Hello,
my system crashed 3 times, about 3 months between them. The system made a
crash dump and crash-data files too. When I patched the system after 3rd
crash to the current patch version the system crashed after 1 week uptime.
(I can't do a strict statistic, because there were some shutdown due
any reason.) In all case the panic string was: "assertion failed".

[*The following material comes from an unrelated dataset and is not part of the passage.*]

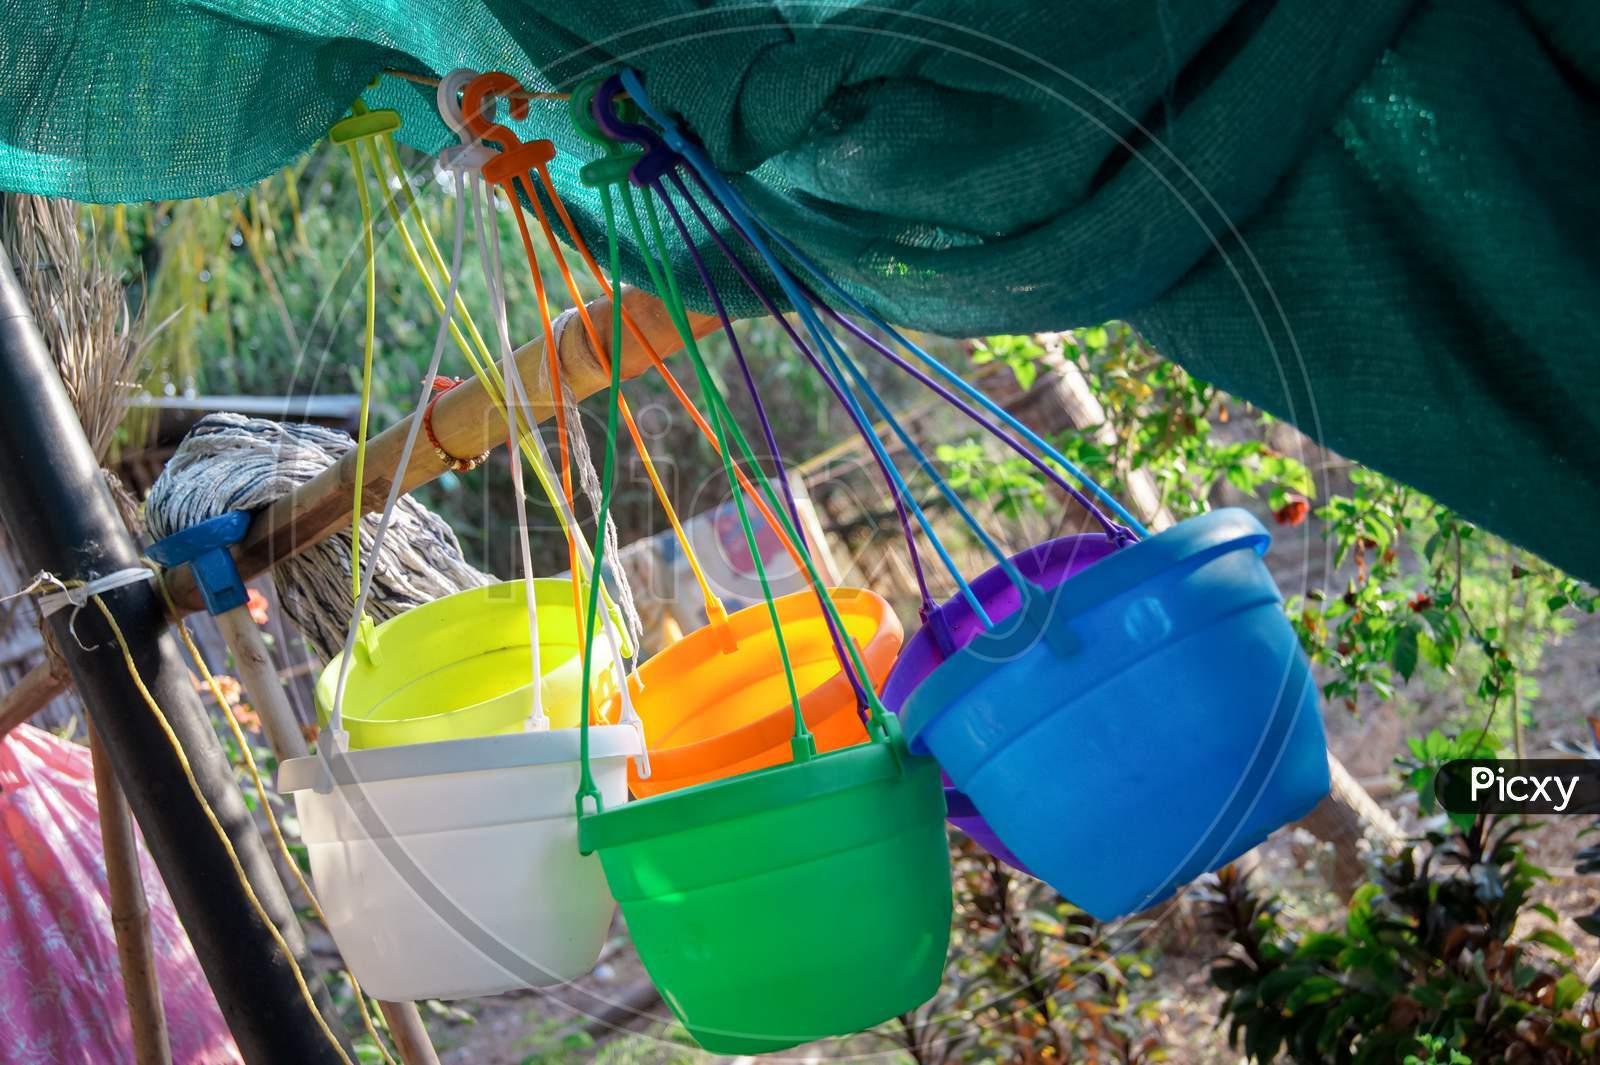 Hanging Round Plastic Pots (Mix Color)

I looked the crash-data files and I found that all crashing processors ran
the nfs_thread(). The trace log is different in every dump but usually
like this:
Begin Trace for machine_slot[paniccpu].cpu_panic_thread:
thread 0xfffffc01b90d0700 stopped at [stop_secondary_cpu:614
,0xfffffc00004945d4] Source not available
warning: Files compiled -g3: parameter values probably wrong
> 0 stop_secondary_cpu(do_lwc =
0x0) ["../../../../src/kernel/arch/alpha/cpu.c":614, 0xfffffc00004945d4]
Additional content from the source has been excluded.